Please note in the examples I've used the function getSupportFragmentManager() which is a method name in the Compatibility Package. If you're not using the Compatibility Package then you can instead call getFragmentManager().
EDIT
The problem with the navigation you envisage is that breaking out of the backstack paradigm half way through means that your app will "Act Differently" than the rest of the OS. This is by and large discouraged by Google. But then again, saying that, I do exactly the same in my app for very similar reasons :).
When you navigate "up", along one of your yellow lines, you are following a discrete link (so, startActivity(new Intent(this, SongSub)); or whatever) and you want this to "break" the backstack.
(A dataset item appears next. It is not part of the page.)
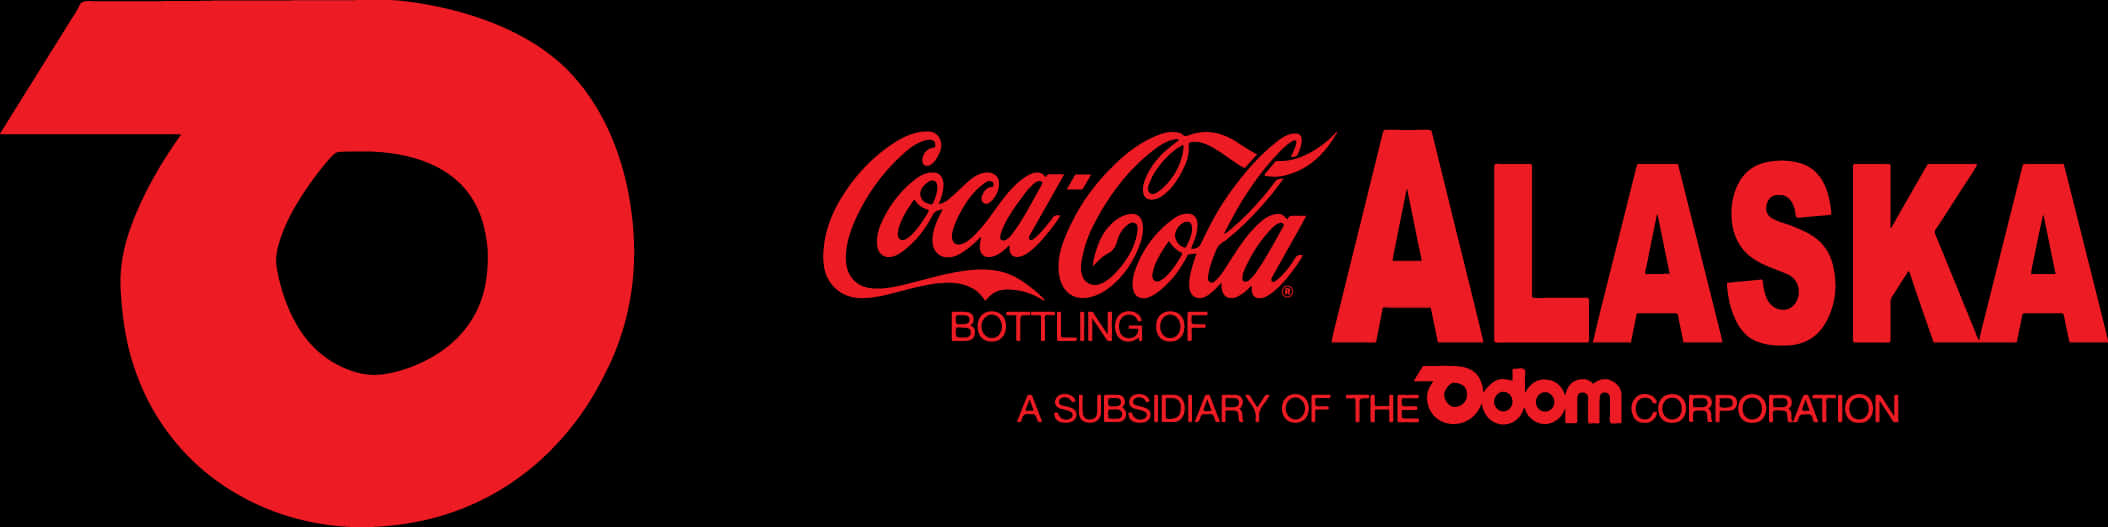 Coca Cola Alaska70th Anniversary Logo PNG

It's at this stage you can make a decision about how you want to go forward:
You can start a Task (backstack) using SongSub as 0th item. This is from memory what the Google Music app does and you're right, it's annoying. When you press back it should technically exit the app. Yuk. IMO if you're in an obvious page hierarchy, back should always navigate down the hierarchy over exiting the app.
You can start a new Task using ArtistMain as the 0th element and layer fragments discretely ontop before commiting your transaction, in effect creating a new backstack each time you go "up" rather than "back" (your backstack would now be ArtistMain->ArtistSub->SongSub). This is what I think your trying to ask here. It's possible but it's messy.
You can create a more linear structure (probably the best idea if possible). Ignore the backstack paradigm, make "back" and "up" always go up a level no matter where you came from (Player always goes to SongSub, SongSub always goes to AlbumSub). This will give the user the least confusing and most transparent (as well as easiest to implement) experience - the user will learn quickly how to navigate (and how many "backs" to press) to get to where they want to be.